RECORD SET START

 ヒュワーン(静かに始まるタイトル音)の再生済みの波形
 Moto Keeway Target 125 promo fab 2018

RECORD SET END
RECORD SET START

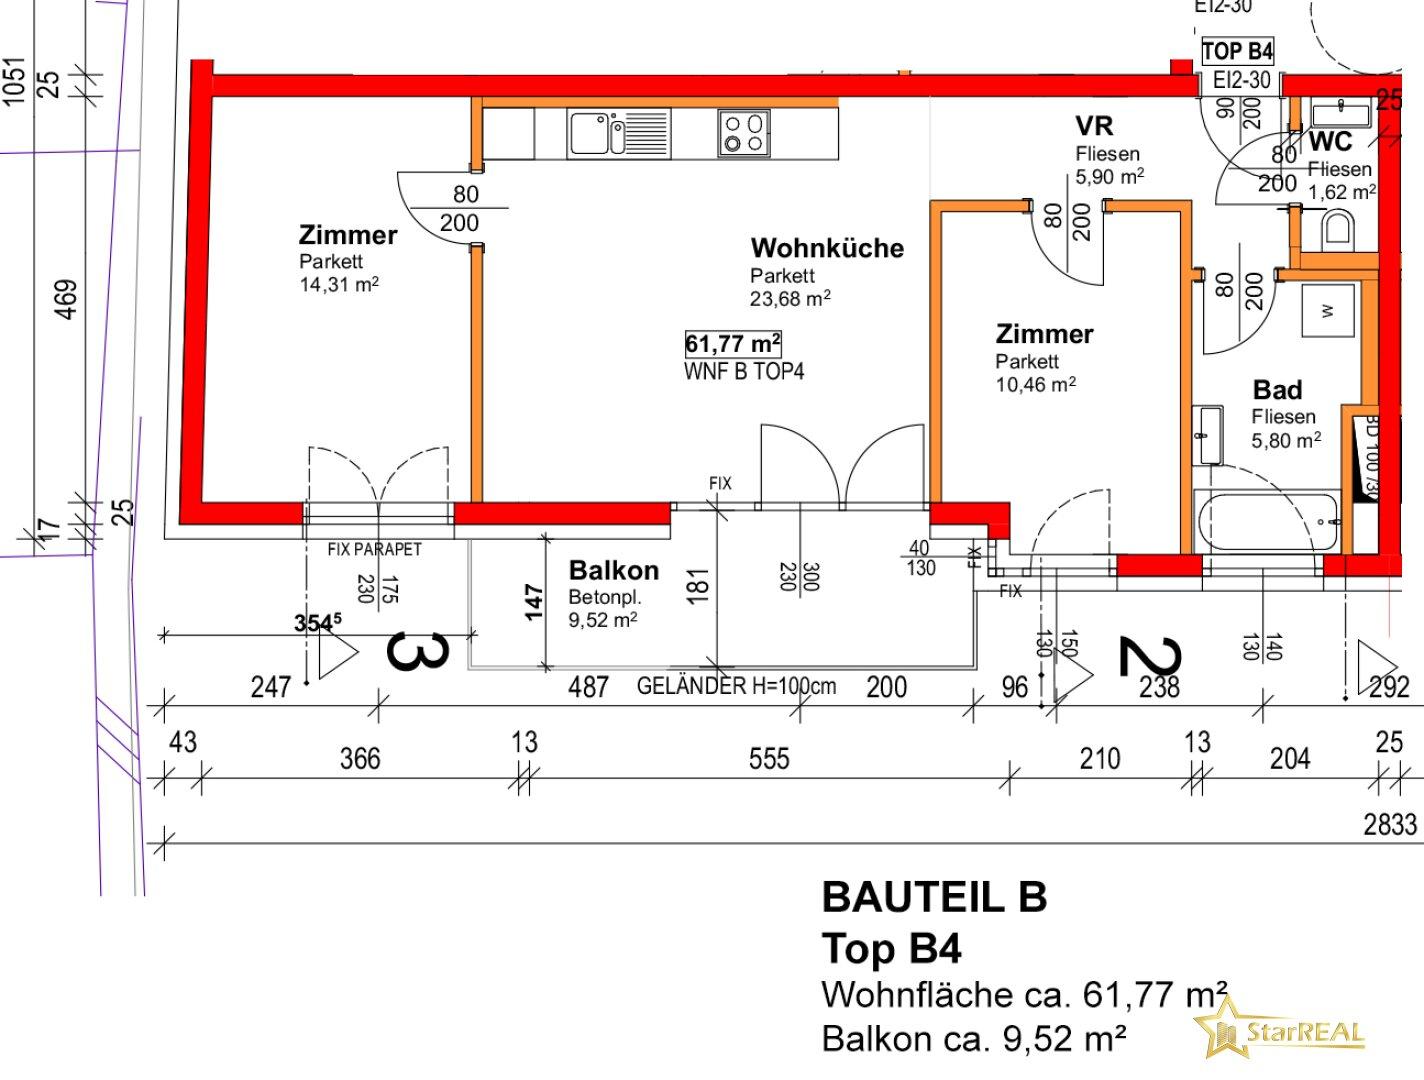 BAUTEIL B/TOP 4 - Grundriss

RECORD SET END
RECORD SET START

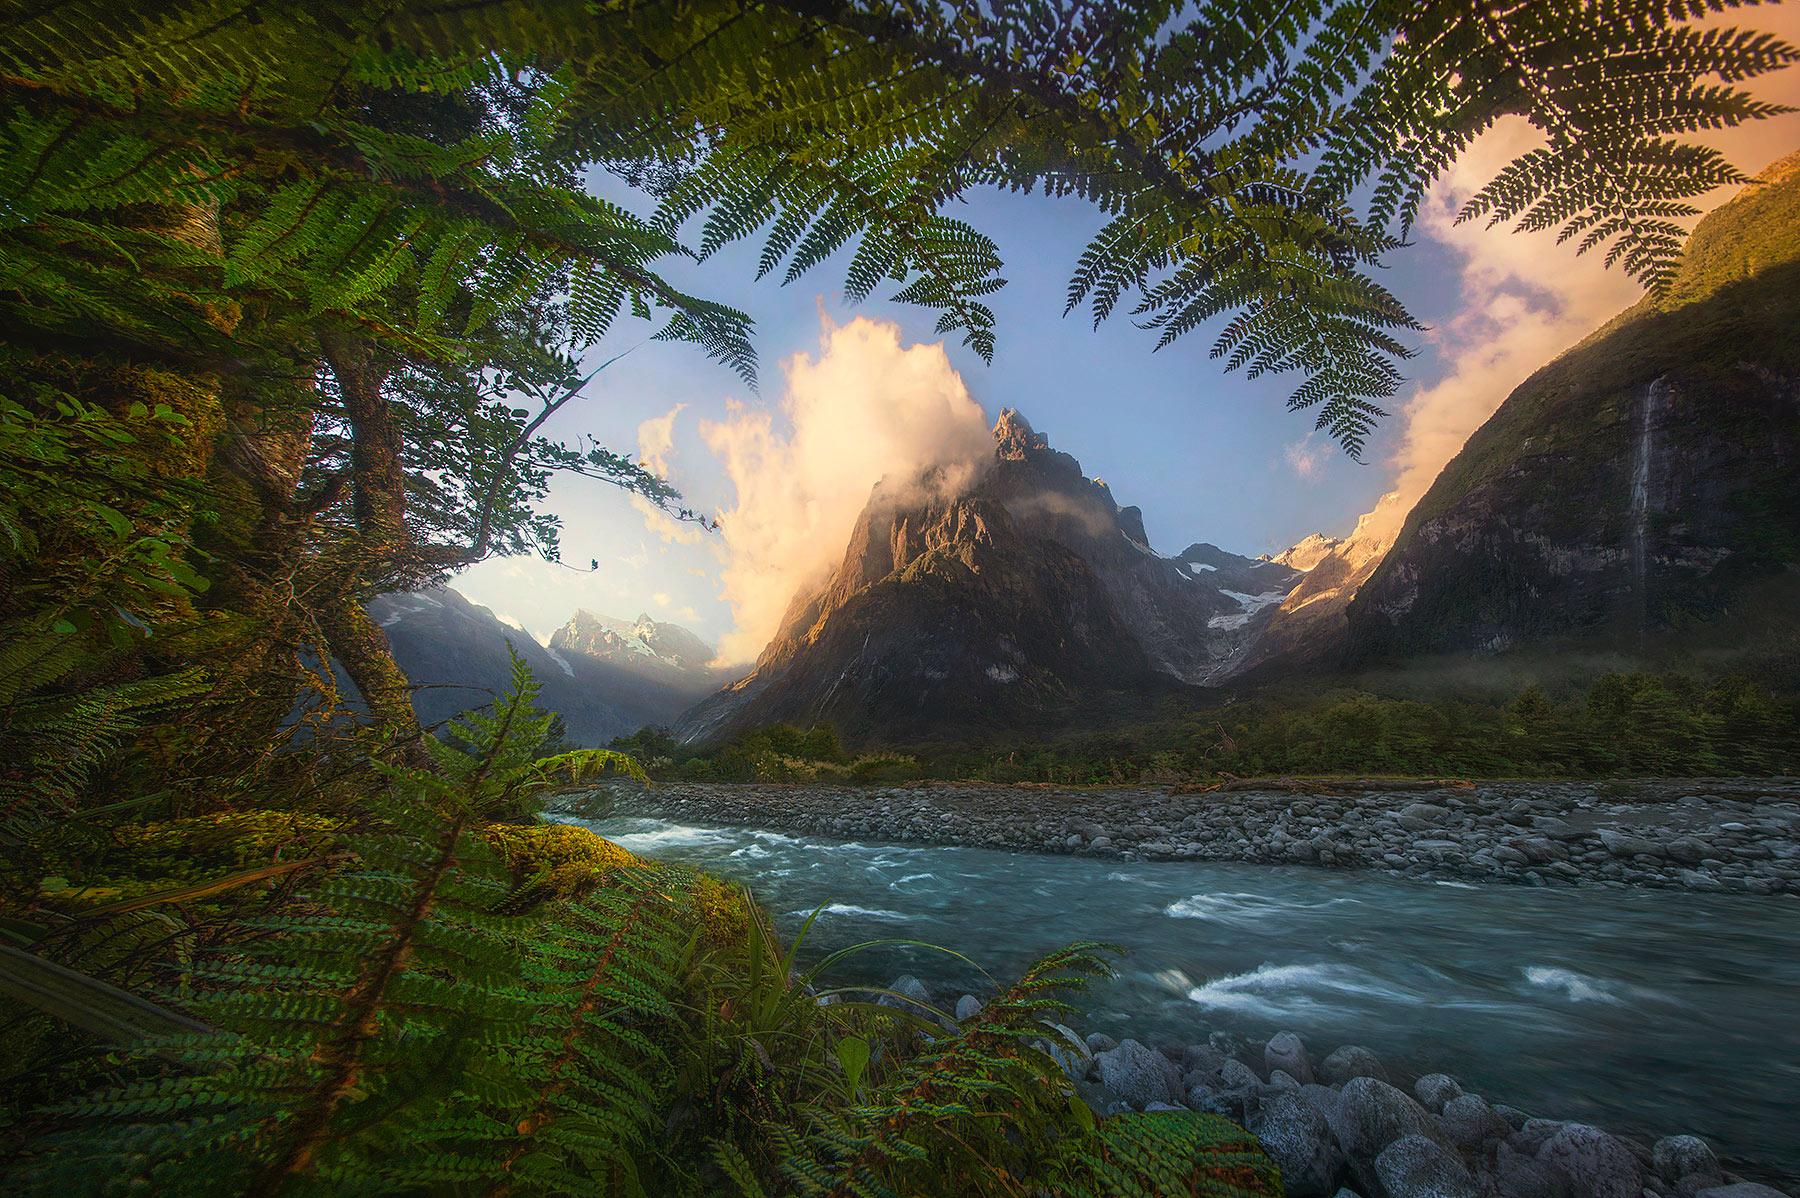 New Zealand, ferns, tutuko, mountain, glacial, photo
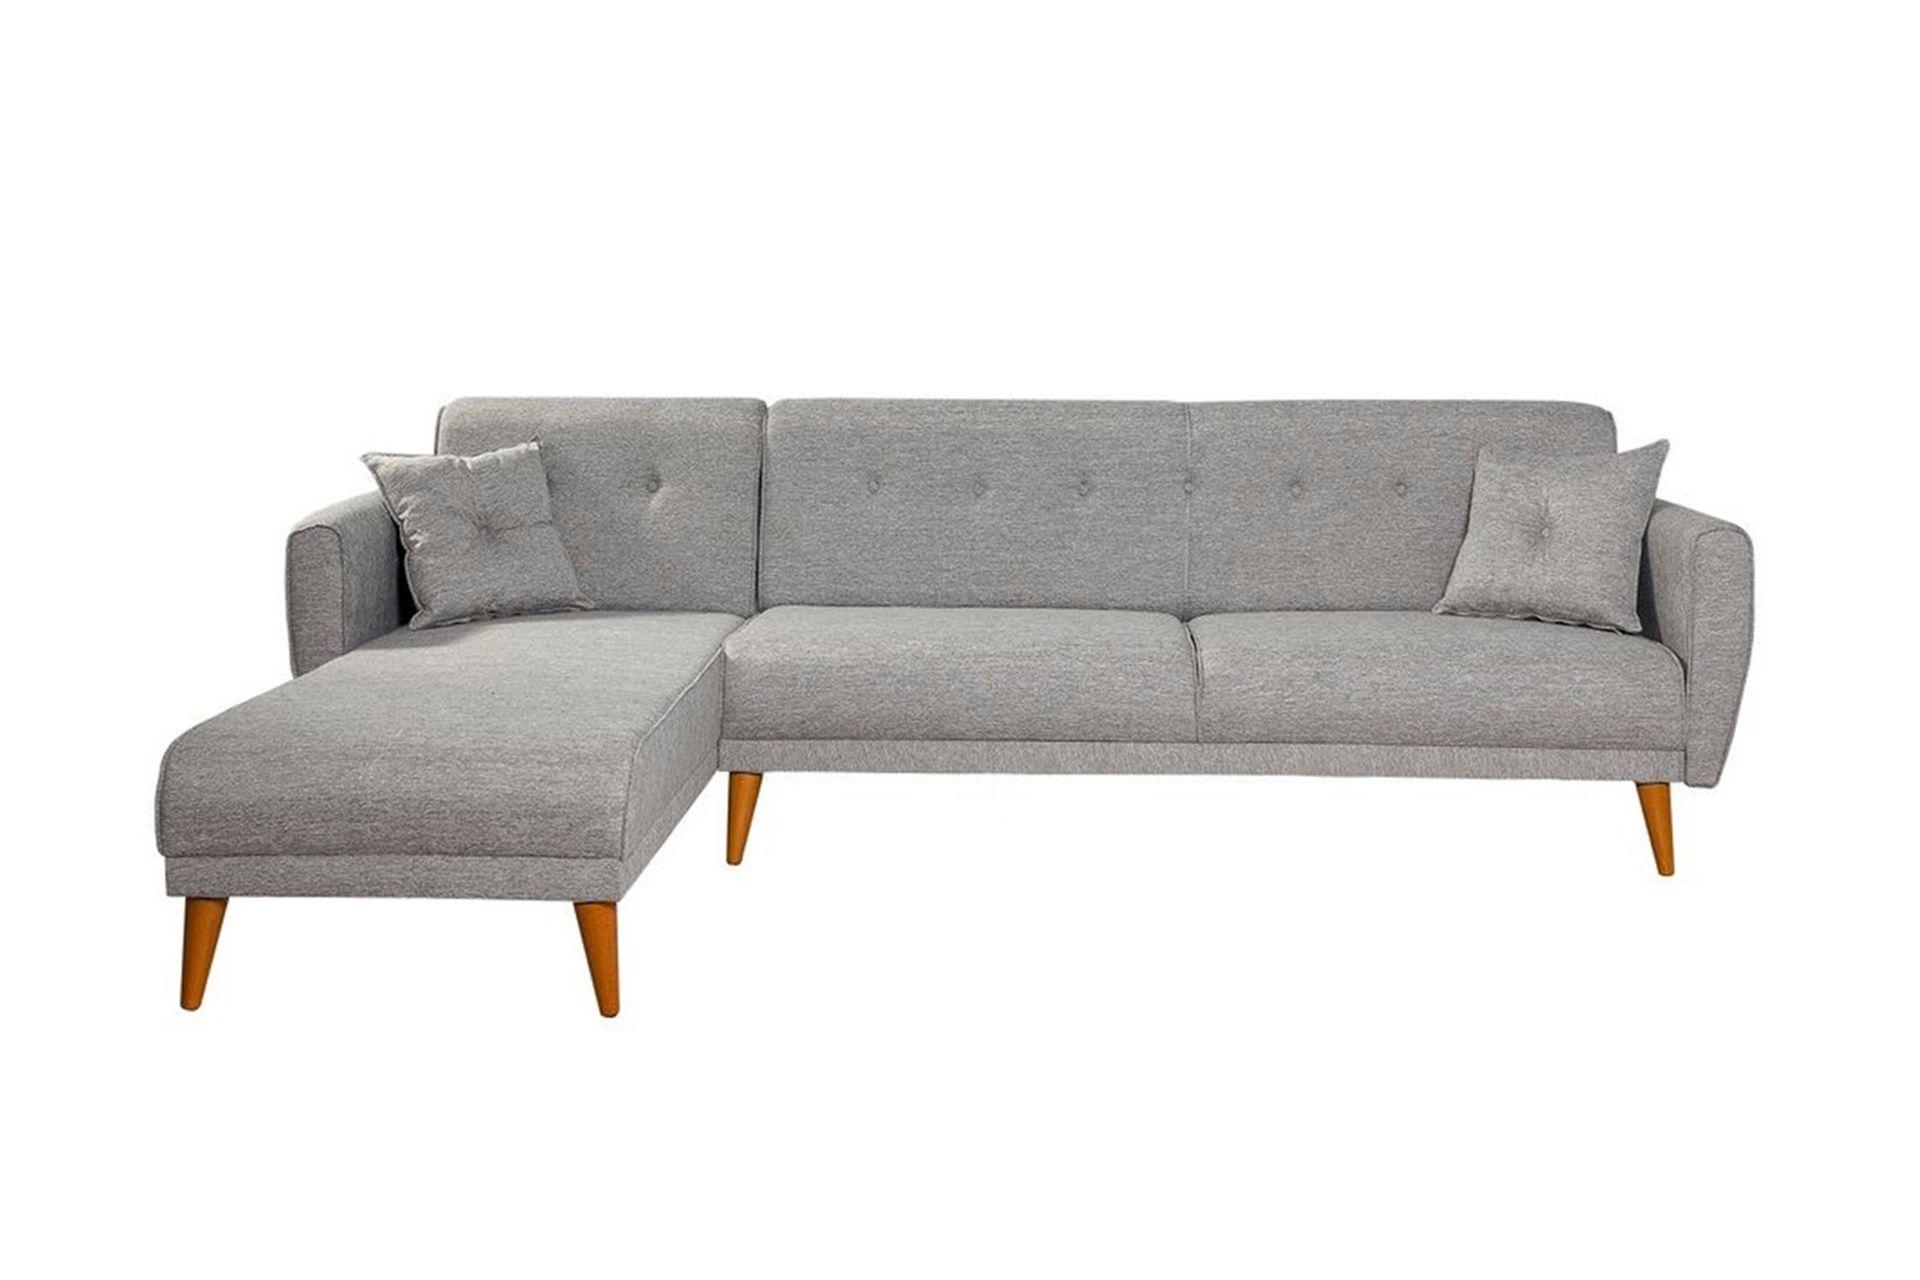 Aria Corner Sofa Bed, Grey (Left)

RECORD SET END

**WORK TO BE COMPLETED**
Taking the material above, extract exactly and only the lines from the line with "ヒュワーン(静かに始まるタイトル音)の再生済みの波形" to the line with "Moto Keeway Target 125 promo fab 2018", inclusive of both.

**TASK RESULT**
 ヒュワーン(静かに始まるタイトル音)の再生済みの波形
 Moto Keeway Target 125 promo fab 2018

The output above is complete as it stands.